今、振り返っても・・一番辛くて、一番カネもなく、一番人生に投げやりだった頃に、彼女と出逢った


人生、

こんなはずじゃなかった・・・


大学だって六大学に入れたし、就職は氷河期と言われる時代に第一希望の超優良企業である一部上場企業に入って、あれほど迷惑をかけてしまった両親に最高の親孝行をしたつもりでいた。


おかしいぞ。

「勉強して、良い会社に入社できたら、人生に勝てる」と教わったはずなのに・・・



親や社会が引いたレールを

なんの疑問も持たずに、歩いて来たはずなのに・・・



世間のゴール=良い企業に勤める


しかし、この世間のゴールを果たした僕は、

この世間一般的な、“超優良企業”に入ったことから少しずつ、何かが壊れ始め、歯車が狂い始めた。


その会社の給料は、

上場企業においてフジテレビの次と言われるくらいで平均年収は1,000万円以上な会社だけに、入社した1年目から、一緒に就活をがんばった周りの友達に中では圧倒的に給料が良かった。

幼き頃、お金で苦労した分、もう僕は有頂天だった。


「やった!これで、人生はバラ色だ!」


あまりに浮かれていて、当時の僕は、少しずつ自分の人生の崩れていく音に気づかなかった。

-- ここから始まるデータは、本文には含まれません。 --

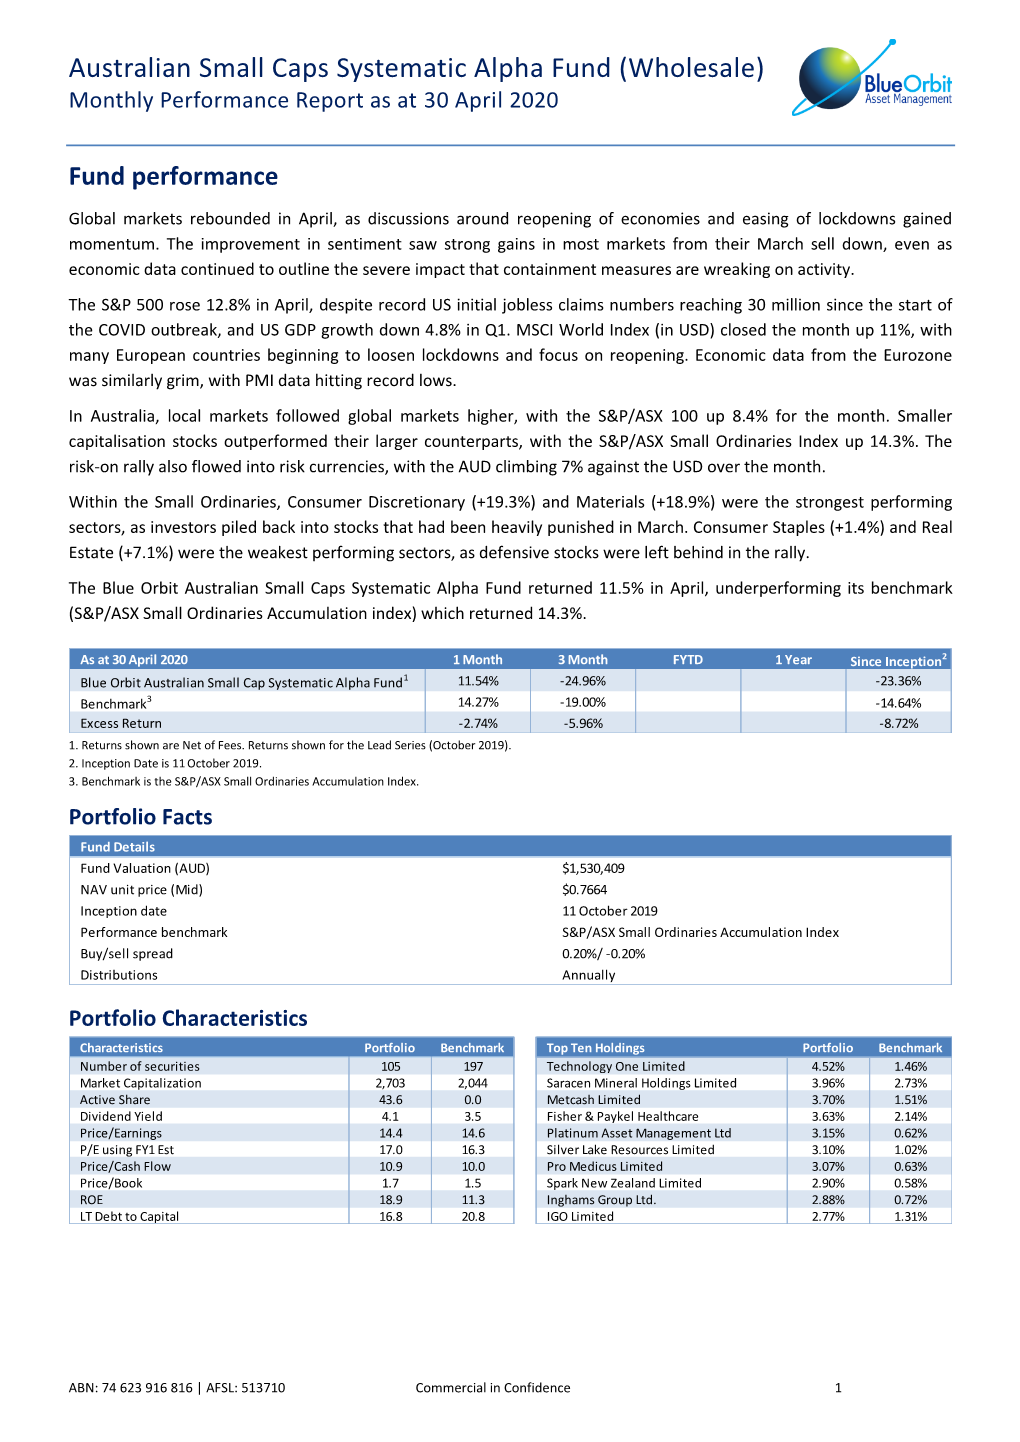 Australian Small Caps Systematic Alpha Fund (Wholesale) Monthly Performance Report As at 30 April 2020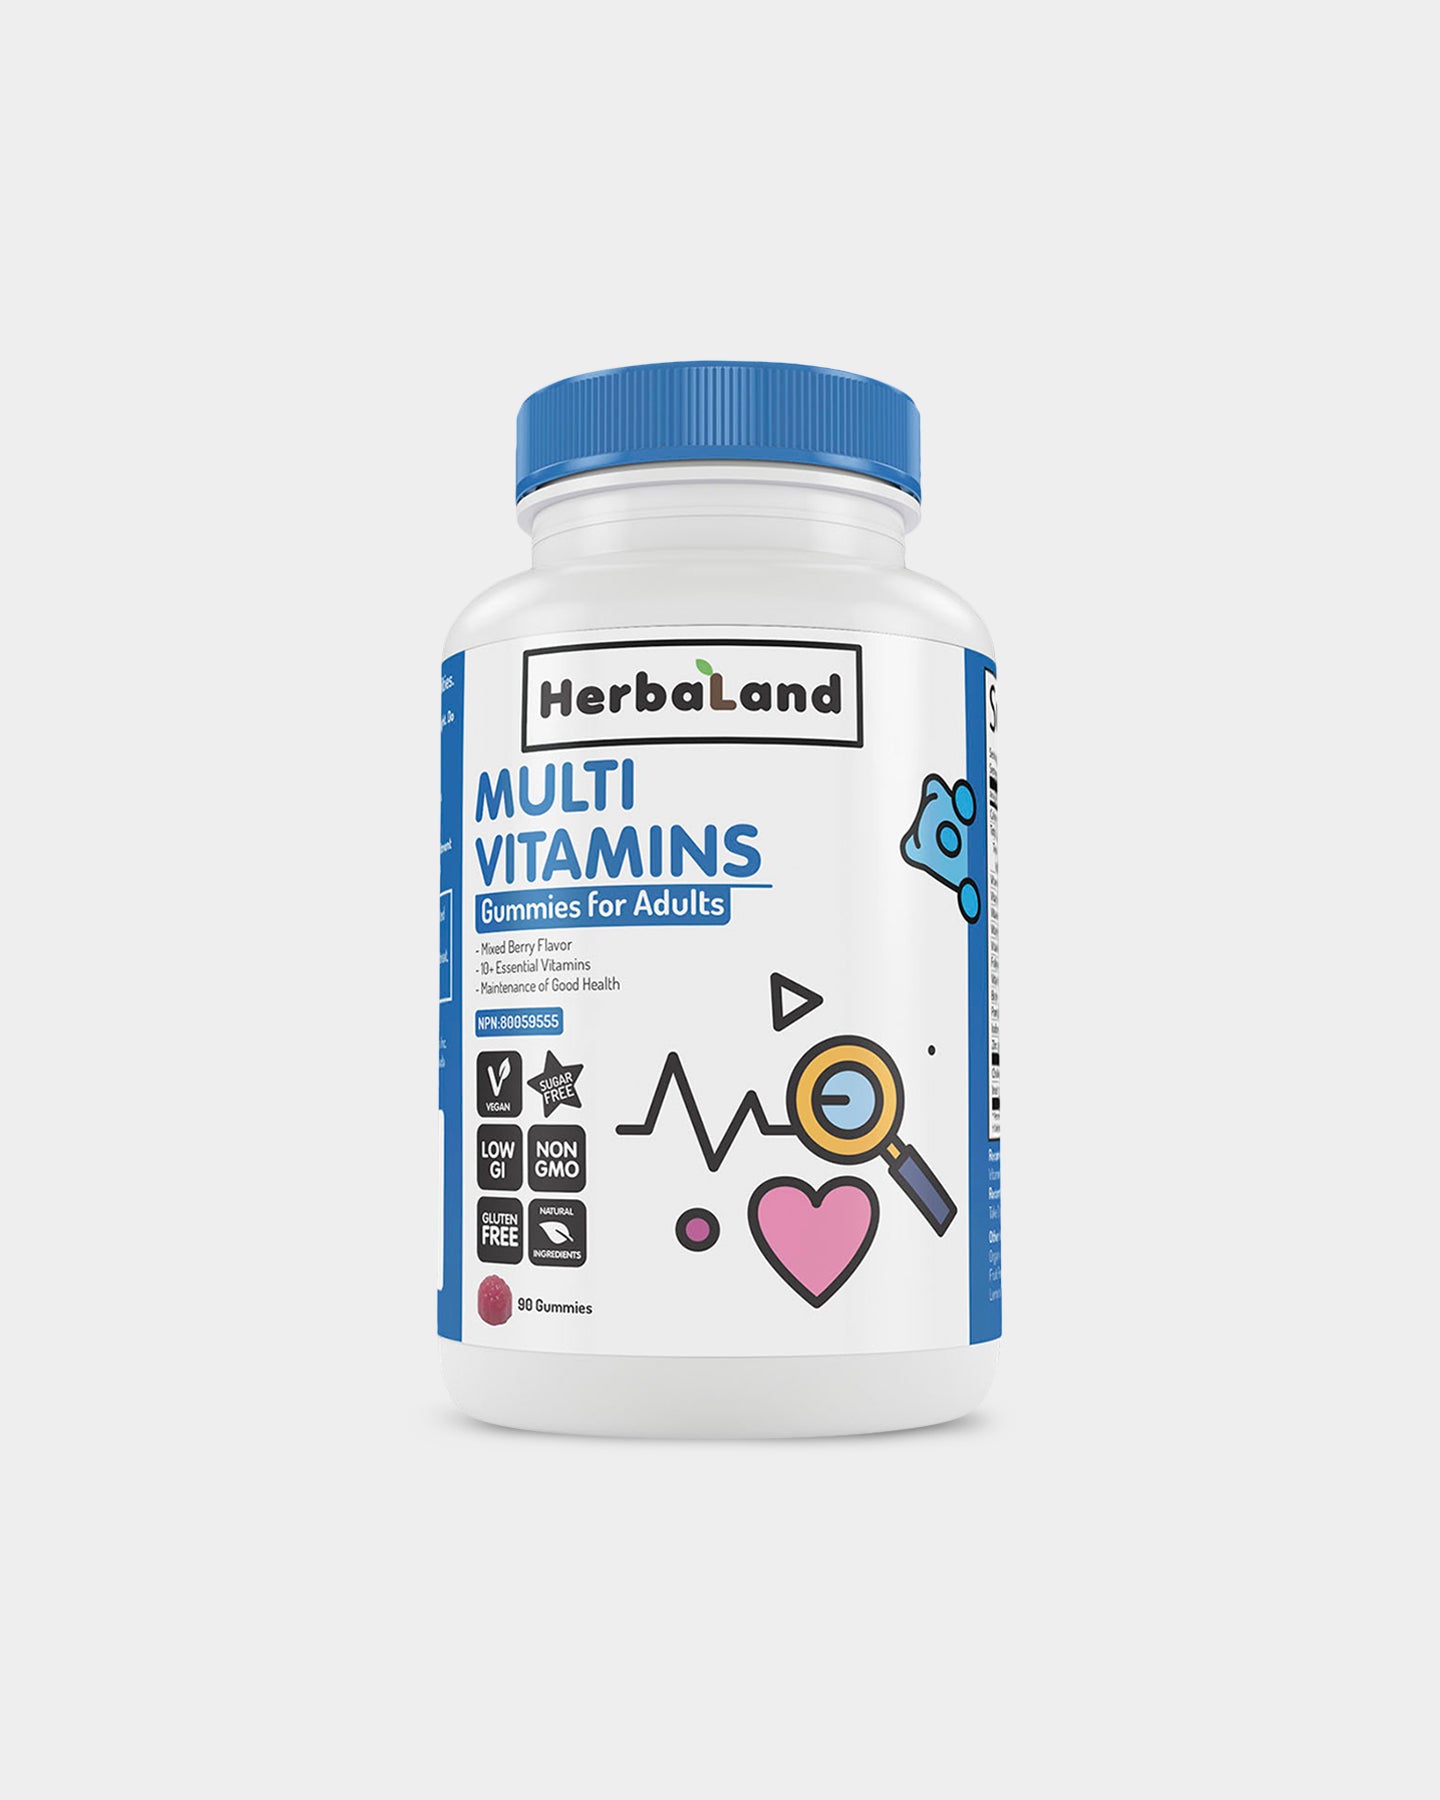 Image of Herbaland Multivitamin Gummies for Adults

大学時代の友達「いいな〜、お前の会社、給料高いんだろ。」

「すげーぞ、4月の初任給、なんと、、、67万円だったわ!引っ越し御祝い金だってよ。」

大学時代の友達「マジかよ。おごれよ。」

「ダメだわ。スーツ5着買ったら、無くなっちゃった。。。」


とにかく、僕は、お金にだらしがなかった。

高校時代、バイトも禁止だったのに、隠れて僕だけがバイトをしないと周りの友達と遊べなかった。昼休み、みんなが菓子パンとか買っている中、親が作ってくれた弁当を食べるのが恥ずかしくて、いつもこっそりと食べていた。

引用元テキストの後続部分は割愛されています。